THINGS BOARDS OF CANADA DON'T LIKE

  • Electronic gadgets that don't work (Marcus:: "It makes me sad to see things that have just been thrown away. I'll pick it up and take it back home and try and make it work. I've still got a brown valve television set from the '70s and it works better than my friends' wide screen TVs").
  • Meat (in Marcus' case).
  • Napster (Marcus:: "It's not the big rich artists who'll suffer, it's the smaller artists. Why should people buy their records when they can download them for free? The issue of choice is illusory. If lots of musicians go out of business, then there's only going to be a smaller number of extremely commercial crap artists to choose from."

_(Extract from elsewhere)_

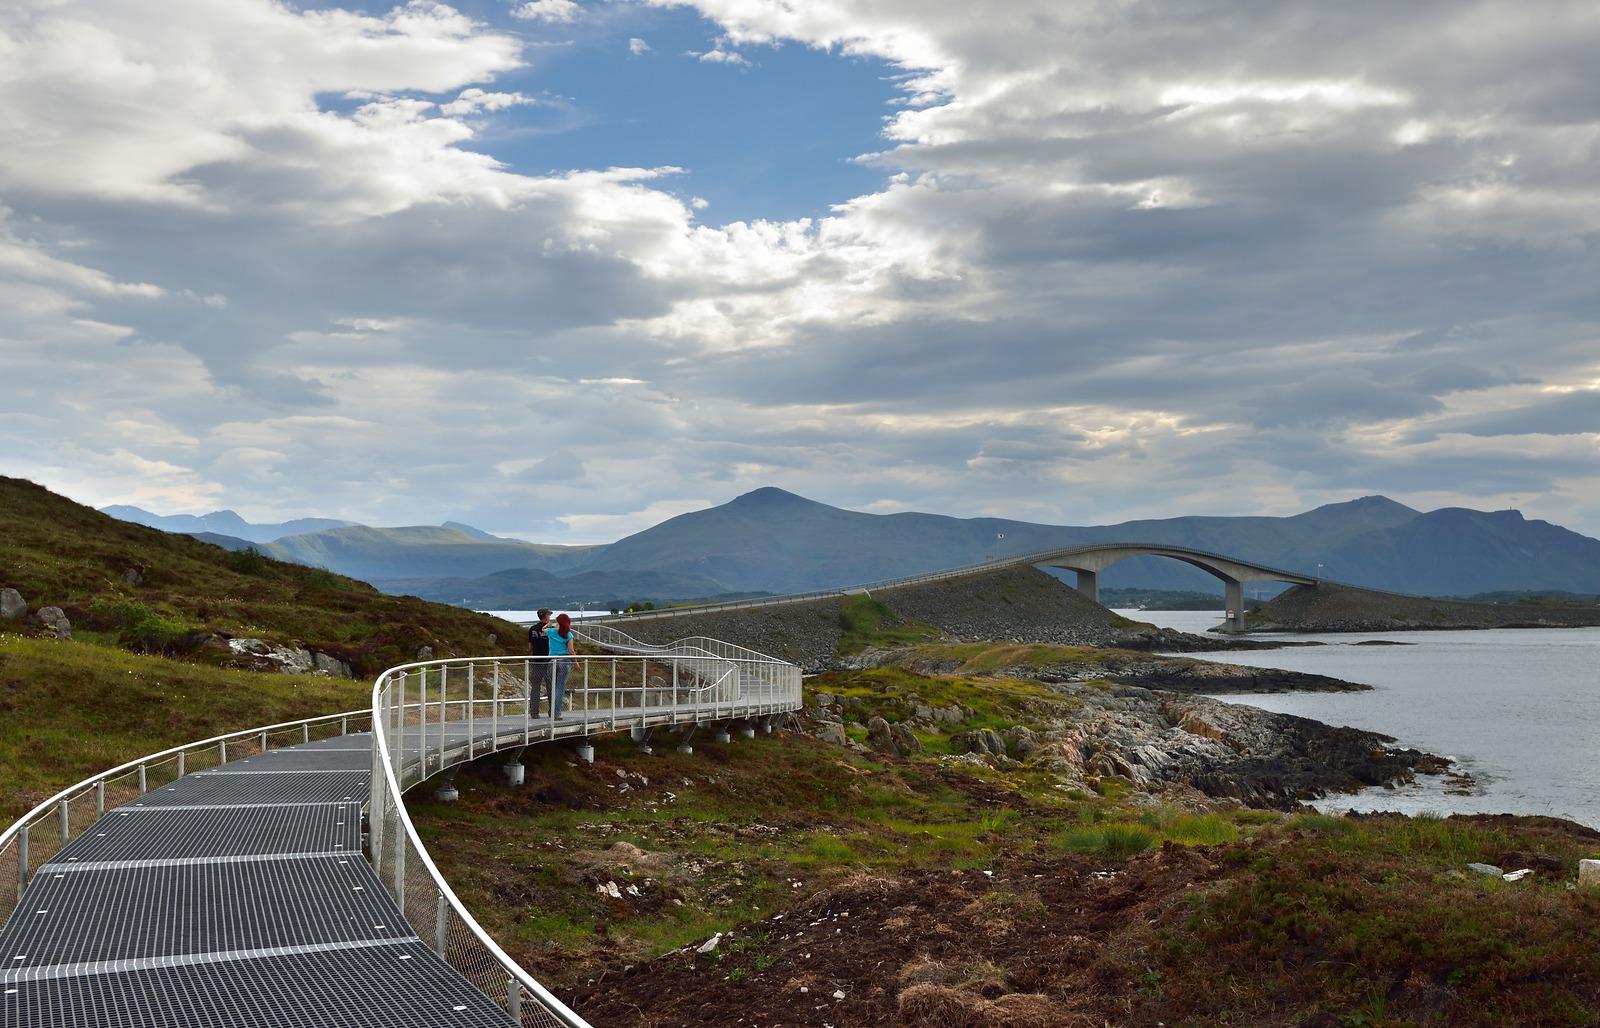 Atlantic Road / Atlanterhavsvegen, July 5th. Photo by Roger Ellingsen / Statens Vegvesen.

BOARDS OF CANADA'S TIPS ON BONFIRES

  • Marcus:: "For kindling the best way to ensure it catches is to get loads of pieces more or less the same length and lay them in a grid, then overlay them in a lattice."
  • Mike:: "You don't need matches or a lighter. If it's wet or windy they often won't work. But two twigs will. The trick is to tie string to either end of one twig, then you can rub them together faster than your hands ever could."

DISCOGRAPHY

  • Acid Memories (Music 70, 1989)
Absurdly rare, cassette-only release from the barely teen Boards, then six-strong. Guitars meet electronics in embryonic but recognisably Boards-ian melodicism.
  • Play by Numbers (Music 70, 1994)
Five-track CD from what was now a trio, boasting a My Bloody Valentine influence in places, shifting further into electronics in others.
  • Hooper Bay (Music 70, 1994)
Closer still:: the use of kids' voices was a hint of what was to come. People pay small fortunes for copies.
  • Twoism (Music 70, 1995)
The last record as a trio when everything slipped into focus and pricked up record company ears.
  • BOC Maxima (Music 70, 1996)
Twenty tracks:: half of which would appear on later EPs and albums; the others remain an impossibly elusive prospect (50 copies only).
  • Hi Scores EP (Skam, 1996)
Essential for the Eno-esque "Everything You Do is a Balloon" and the spooky electro of "Nlogax".
  • Korona (from Mask 100 compilation) (Skam, 1996)
Darkness visible:: slurring synths and an uneasy, off-kilter rhythm.
  • Untitled (from Mask 200 as Hell Interface) (Skam, 1997)
Even darker, harder, faster side of the Boards. "Who are Hell Interface?" they ask.
  • Michael Fakesch "Surfaise" (Boards of Canada remix) (Warp, 1997)
Spacious, dissonant, slightly disembodied ambience.
  • Mira Calix "Sandsings" (Boards of Canada remix) (Warp, 1997)
Boards render Warp's press officer's warblings intelligble.
  • Jack Dangers "Prime Audio Soup" (Boards of Canada remix) (Play it Again Sam, 1998)
Respectful to the Meat Beat man, this is a curious, slightly gothy hybrid.
  • "Aquarius" (seven-inch single) (Skam, 1998)
A different version to the one on Music. Sesame Street meets Kraftwerk meets the between-scenes bits from Seinfeld.
  • Music Has the Right to Children (Skam/Warp, 1998)
Music has The Right to Children claimed not just children but grown adults of shock both sexes.
  • Bubbah's Tum "Dirty Great Mable" (III, 1998)
Unusually beat-heavy, balanced by their trademark use of kids' voices and big, spooky chords. Their final mix.
  • "Orange Romeda" (from We Are Reasonable People compilation) (Warp, 1999)
Very much in the Music. vein. Children's voices, bird's wing percussion and yearning, half-heard synth melodies.
  • Peel Sessions (Strange Fruit, 1999)
Reworks of "Aquarius" and "Olson", plus newie "Happy Cycling".
  • In a Beatiful Place Out in the Country EP (Warp, 2000)
OK, so it's an EP not an album, and it's not exactly a revolutionary departure, but when familiar ground is this gorgeous, who's complaining?

interview by Richard Southern, December 2000.